> A general premise that you should block anything you don't recognize is flawed...

zrm · on Sept 14, 2016

> Which is why trying to maintaining a blacklist of bad things ("enumerating badness") is destined to fail.

Unfortunately it's also why "enumerating goodness" is destined to fail. It's like the instructions for securing a computer: Dig a deep hole, put the computer in the hole, throw a live grenade in the hole, and now the computer is secure.

It's not enough to be secure, it also has to do the thing the user wants it to do. If it doesn't then the users (and developers who are after the users' patronage) will figure out how to make it happen anyway, which means bypassing your validation one way or another.
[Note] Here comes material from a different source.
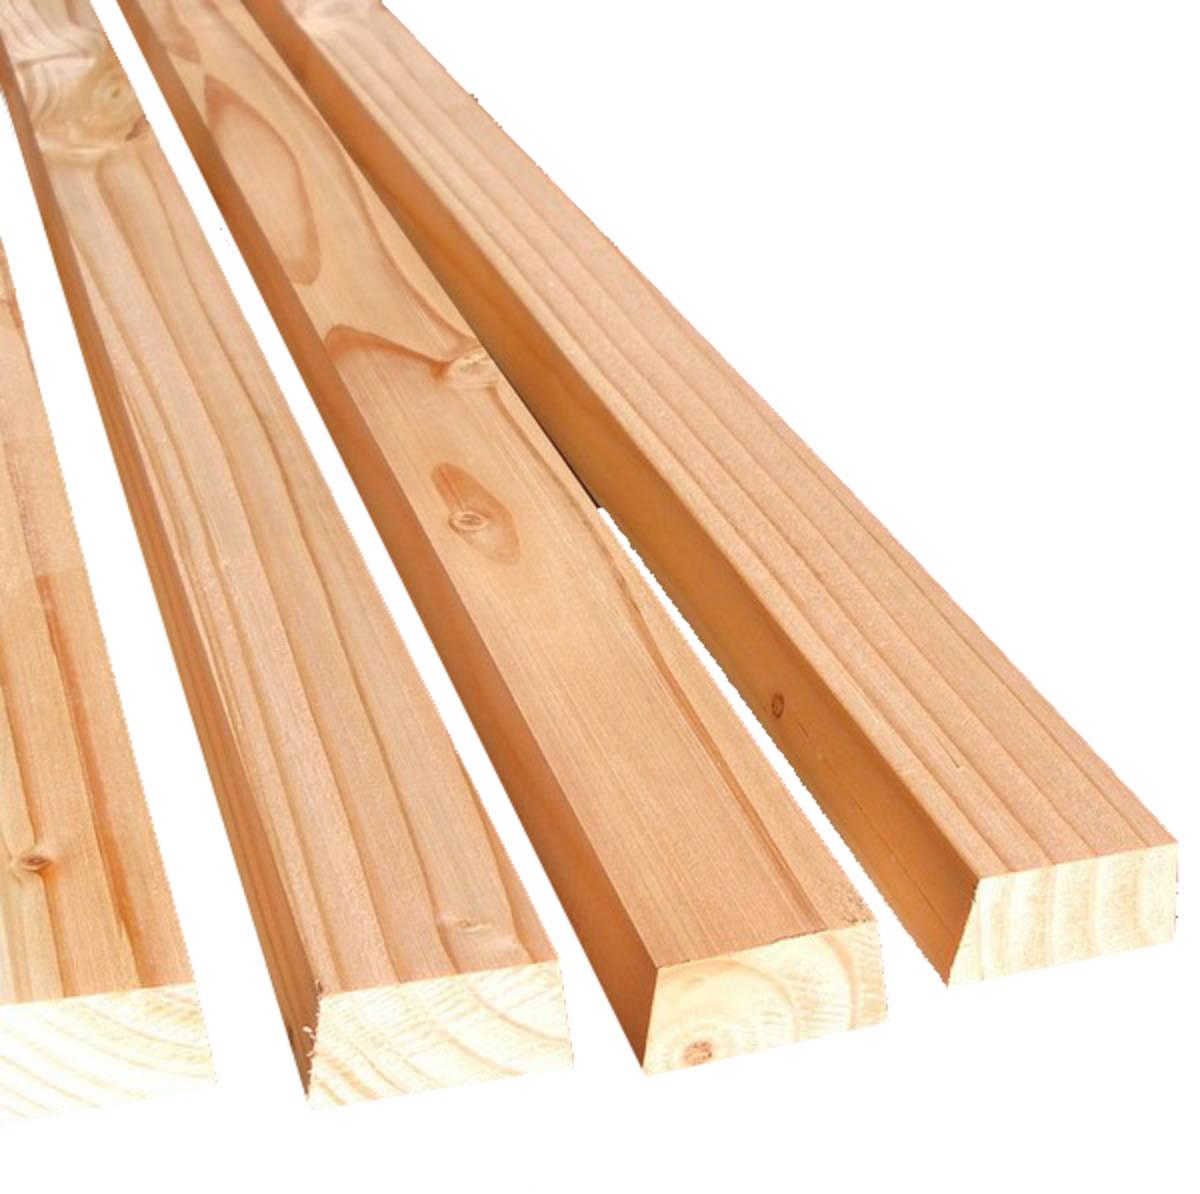 Bardage claire voie en douglas 27x68 mba bois et for Bardage bois faux claire voie

The flaw is in the assumption that immediately denying something the user wants is more secure than not immediately denying something the user doesn't want, which is flawed because of the second order effects.

If the thing you put in front of Alice to prevent Mallory from sending bad things also prevents Bob from sending good things, Alice and Bob are going regard your validation as adversarial and get together to devise an alternate encoding for arbitrary data that will pass your validation. Which information theory says they can always do at the cost of some space inefficiency. But as soon as Alice starts accepting unvalidated data using that encoding method, it allows Mallory to send malicious data to Alice that will pass your validation.

The solution is to do validation as soon as possible but no sooner. If you don't know what something is but it could be valid, you have to let it go so that the thing downstream which actually does know can make that determination itself.

I mean I get how we got here. Some things that should be doing validation don't do it well or at all, and then people try to put validation in front of them to make up for it. But if you do that and reject something the endpoint wants (or you're e.g. stubbornly enforcing an older protocol version) then new endpoint code is going to pay the cost of encoding around you, which is expensive in efficiency and complexity and deprives you of the ability to do the validation you are equipped to do.

If the downstream code isn't doing validation correctly then it has to be fixed where it is.

> If you haven't, you should really watch the talk I linked to initially.

I don't think anything I'm saying is strongly in conflict with it. You can validate against a grammar and still treat part of the data as a black box. Obvious example is validating an IP packet without assuming anything about the payload structure.